Friend helped family out of burning home

April 5, 2014


Regina Slone and her two children may have no physical possessions remaining from a fire that destroyed their home in Blue Water Shores, but they learned something valuable – they can depend on a relatively new friend of the family.

The March 6 fire broke out after midnight.

Regina’s 15-year-old daughter Alyssia and 7-year-old son Joseph were asleep.

J’Dan Upham, who was at their home when the blaze erupted after having watched a movie with Regina, first tried to find Alyssia inside the house, which was filling with thick smoke.

He ended up pulling the girl out of her bedroom window, with little time to spare.

“The courage he had was amazing,” Regina said. “He’s a hero.”

Upham, whose nickname is J, said he suffered second-degree burns on his arms and back. He spent 12 days in the burn specialty unit at Parkland Hospital in Dallas.

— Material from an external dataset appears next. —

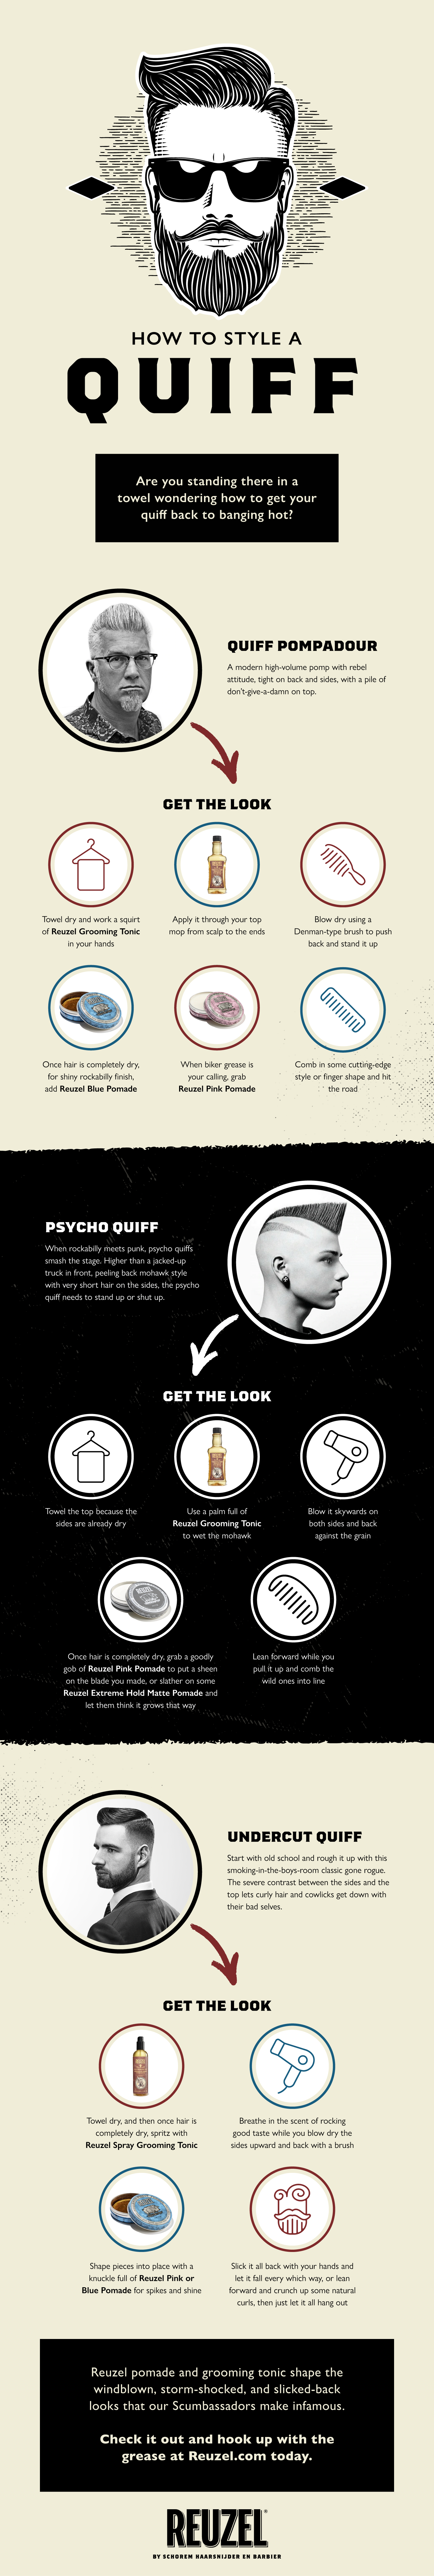 How to Style a Quiff Infographic

Alyssia, a student at Crossland Ninth Grade Center, was treated and released from Parkland the day of the fire. Joseph, who attends Acton Elementary School, was released two days later.

Regina, who was not hospitalized, had been taking a shower when the fire began, but managed to pull Joseph out through his bedroom window.

Upham, meanwhile, didn’t want to take credit.

“The four of us worked together as a team,” Upham said. “We communicated. In my book, God’s my hero. God put me where I needed to be to do what I needed to do. I refuse to be called a hero.”

The mobile home was a total loss, and Regina didn’t have insurance. She said they have received assistance from the Red Cross and the Salvation Army. She said they were given a couch plus a washer and dryer – but they have no place to put them yet.

The three family members have been staying with friends Chris and Jennifer Thompson, said Regina, who is a juvenile supervision officer.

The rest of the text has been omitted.